1. “AND” searches (default): By default when you type in more than 1 term you’re running an “AND” search. The terms are reductive and you’ll refine your results as you add more terms.

2. “OR” searches: To run an “OR” search, simply include “OR” between multiple terms like this: “upbeat OR happy”.

3. Negative searches: To exclude a specific term from your search results set include a hyphen (“-“)  before that term in your query. For example, if you want to look for something upbeat without drums, you’d type this: “upbeat -drums”.

4. Active browsing: We know metadata keywords are often subjective. Something you consistently call “upbeat” could be referred to consistently as “happy” by another person. To solve for this we created this new active browsing feature. Now when you scan any search results page you’ll notice that all of the terms are clickable. As you click the terms you’d like to explore further they instantly appear in your search field above, slowly building a new “AND” query as you add more terms. Give this new one a shot, it’s great!

5. Column/field searches: This one is great. To search within a single column simply type the column/field name followed by a colon and the term you’re looking for. For example if you want to find all tracks that have a mood of “upbeat”, you would type this into your search field: “mood: upbeat”. This works for all fields too so if you need to quickly find a specific track or artist it works great for that as well.

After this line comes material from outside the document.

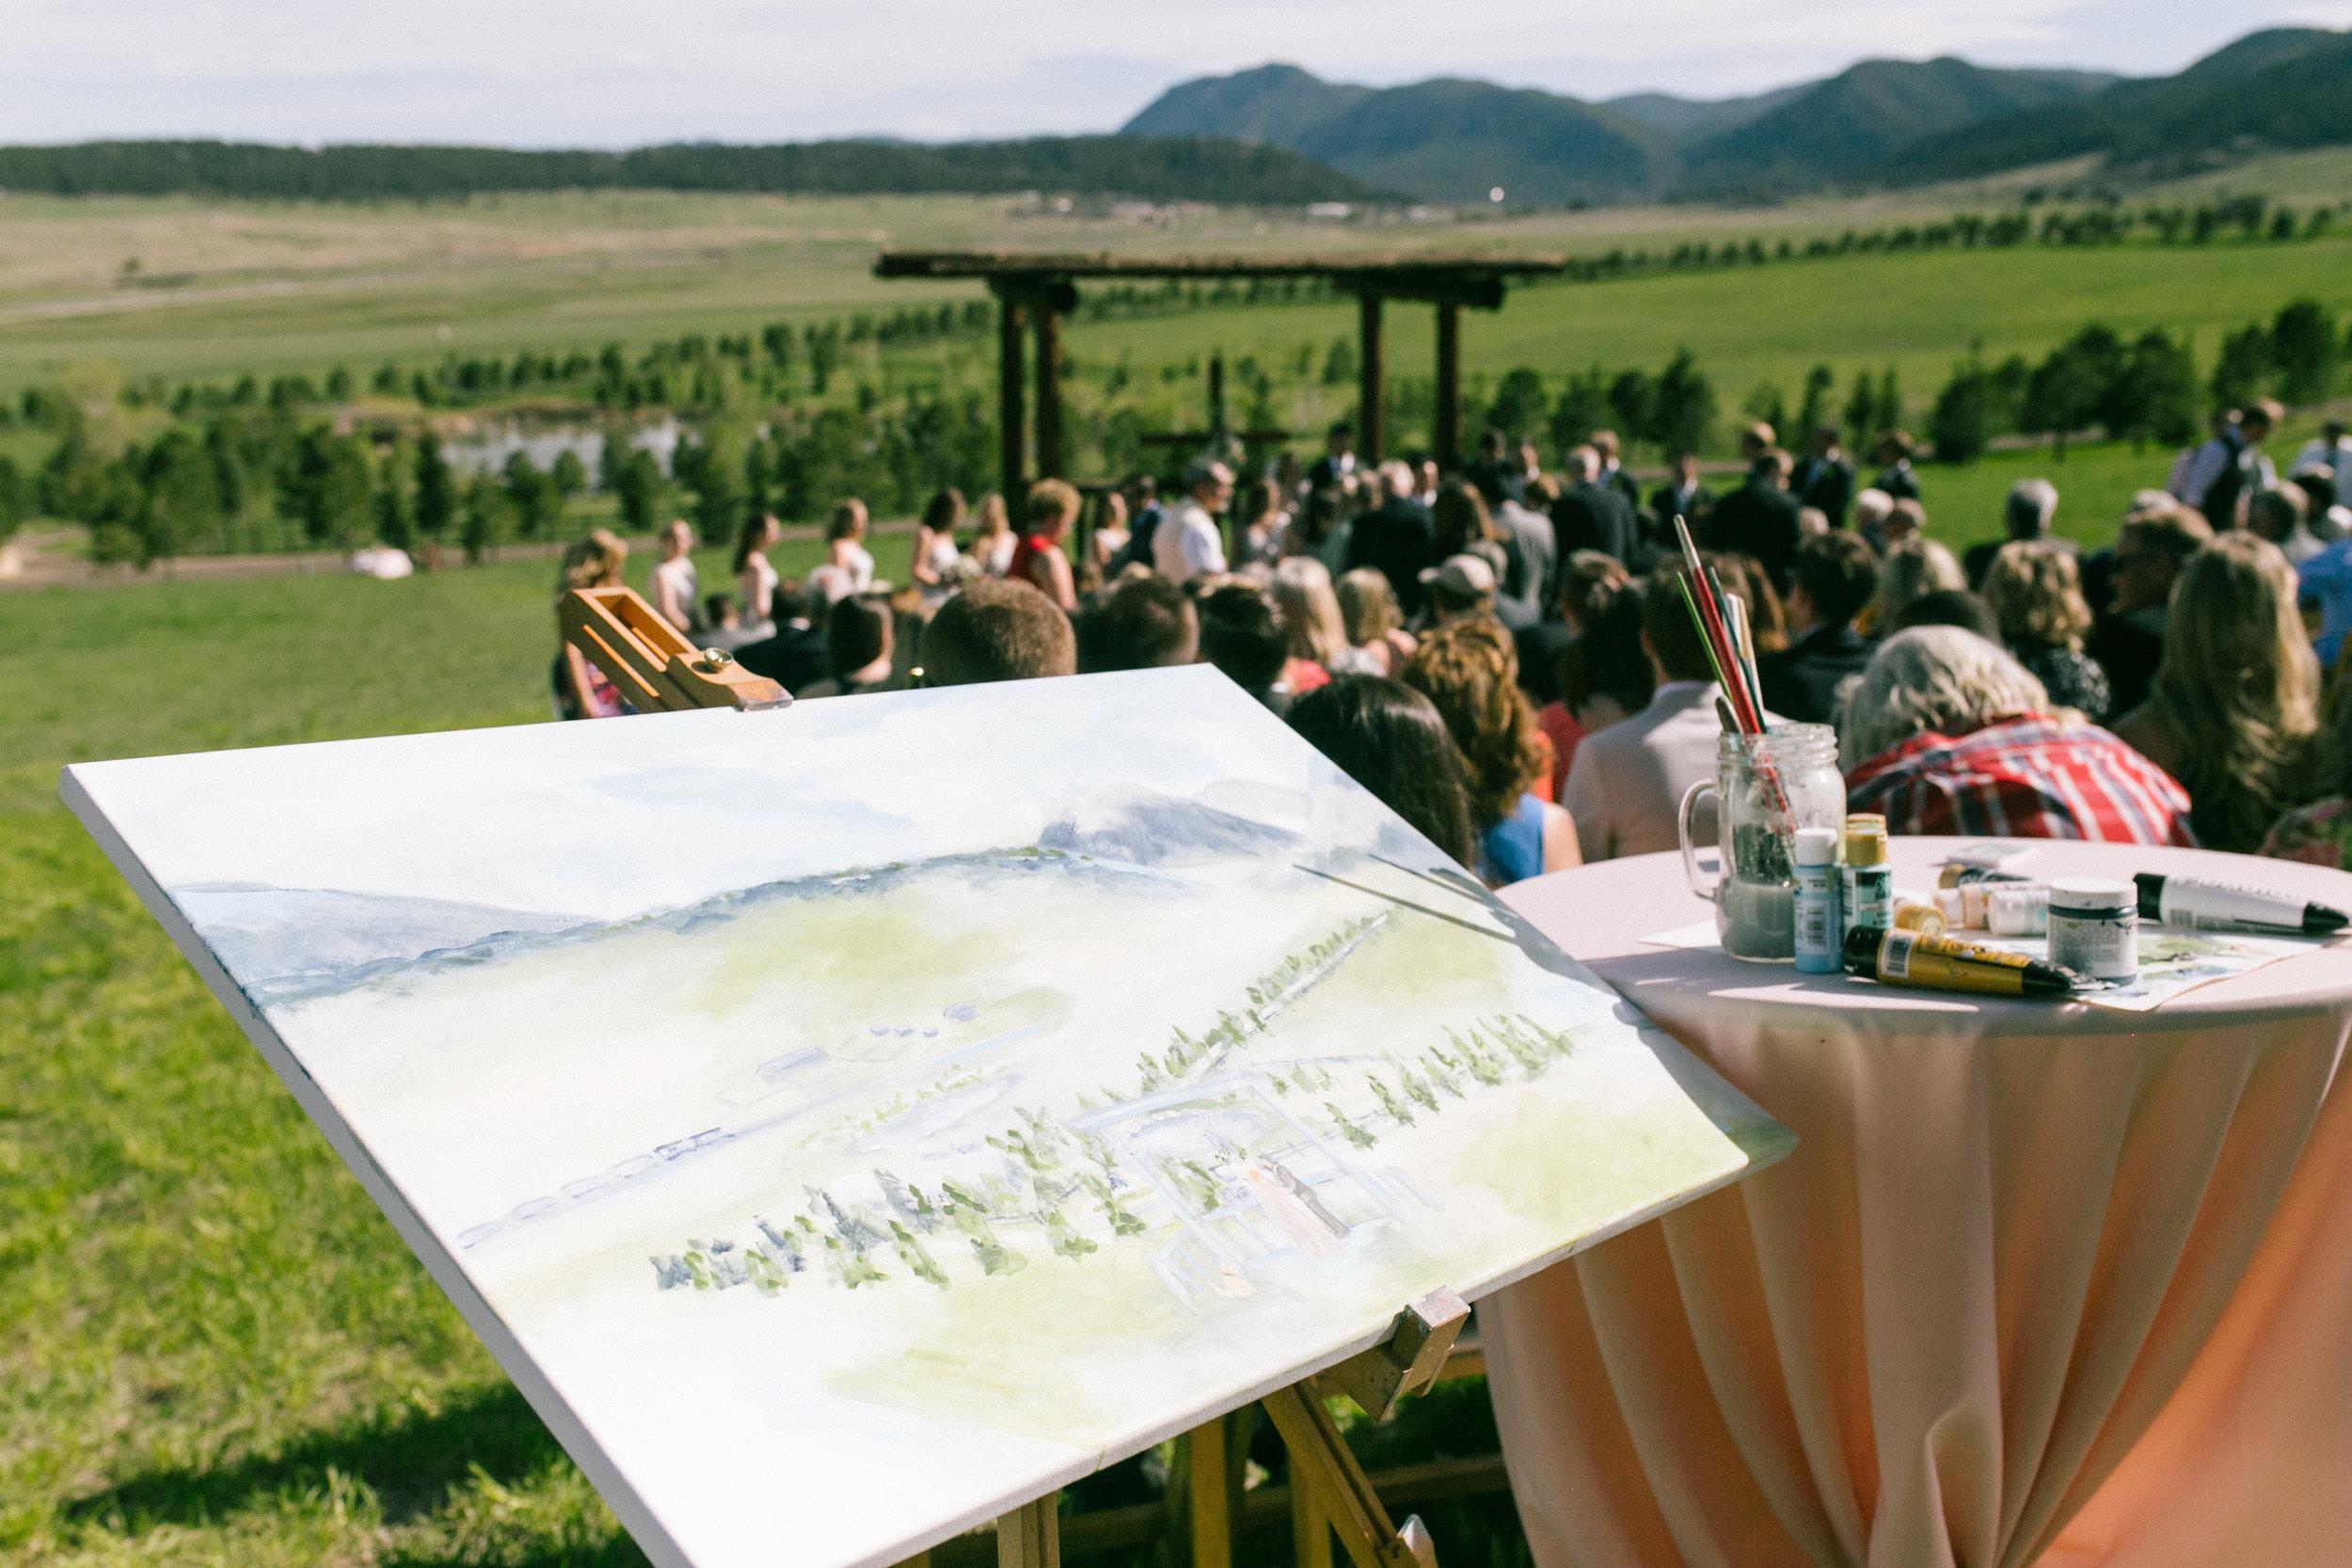 Kyle-Scott-Spruce-Mountain-wedding-by-Lisa-O'Dwyer-553.jpg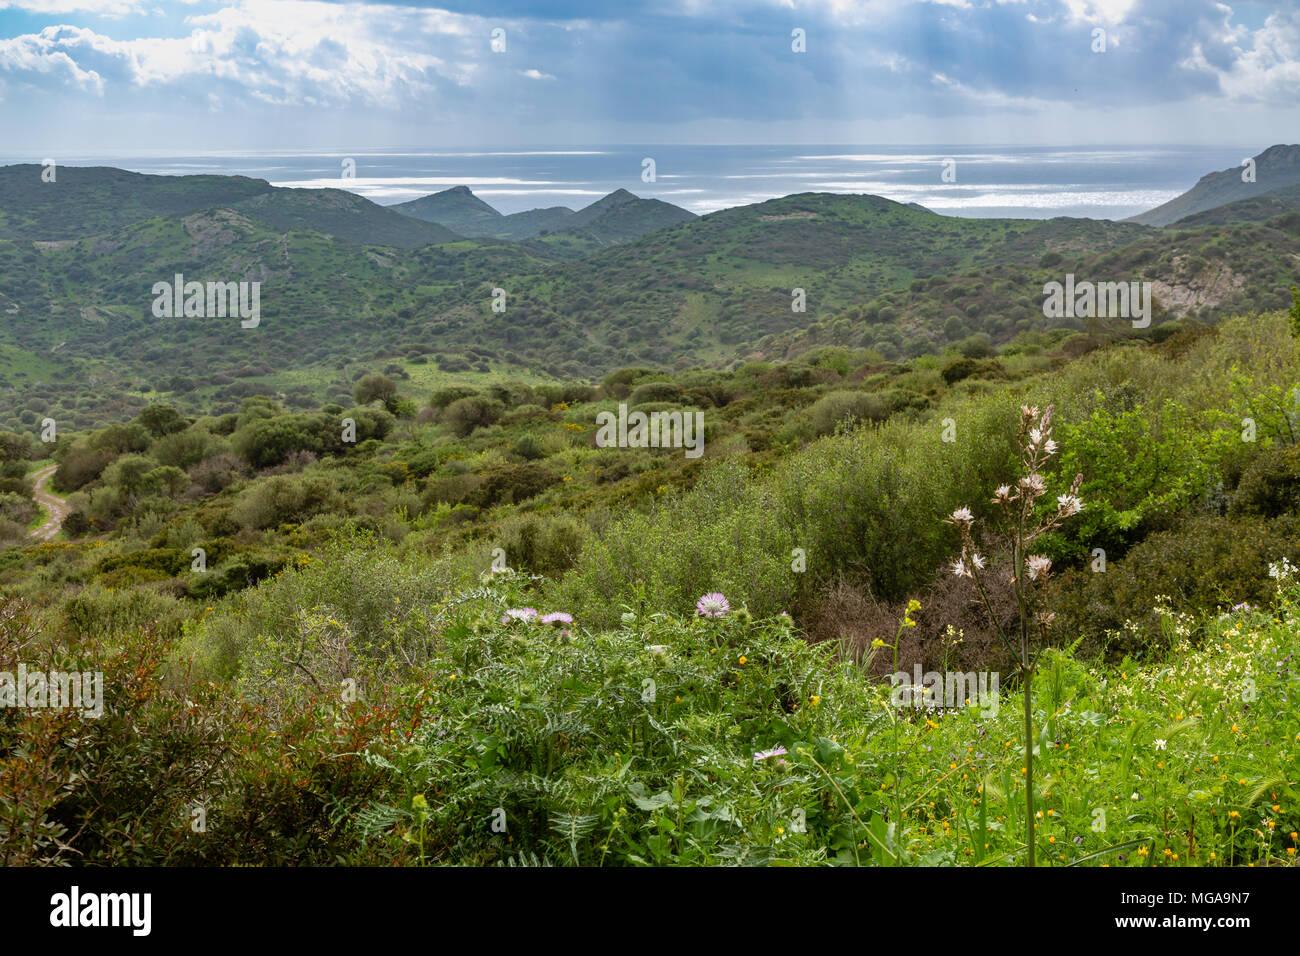 The spring atmosphere of the northwest coast of Sardinia, Italy - Stock Image

6. Phrase searching: If you need to find a specific phrase or string of keywords in a particular order just include quotes around your search terms. For example, if I’m looking for the song “Happy Birthday” I could search for “happy birthday to you” and you’ll only see results that have that exact string of keywords in their metadata.

7. Sonic Search: This one isn’t new but it’s worth mentioning as part of an overall search update. Find music with music with our proprietary signal processing search technology. Whether you need to find an exact match on a file or you’re looking for something that sounds similar to a song you have in mind, Sonic Search can handle it all for you.

We know you all have your go-to methods for searching and hopefully these new enhancements will give you more tools to help you and your clients find what you’re looking for faster!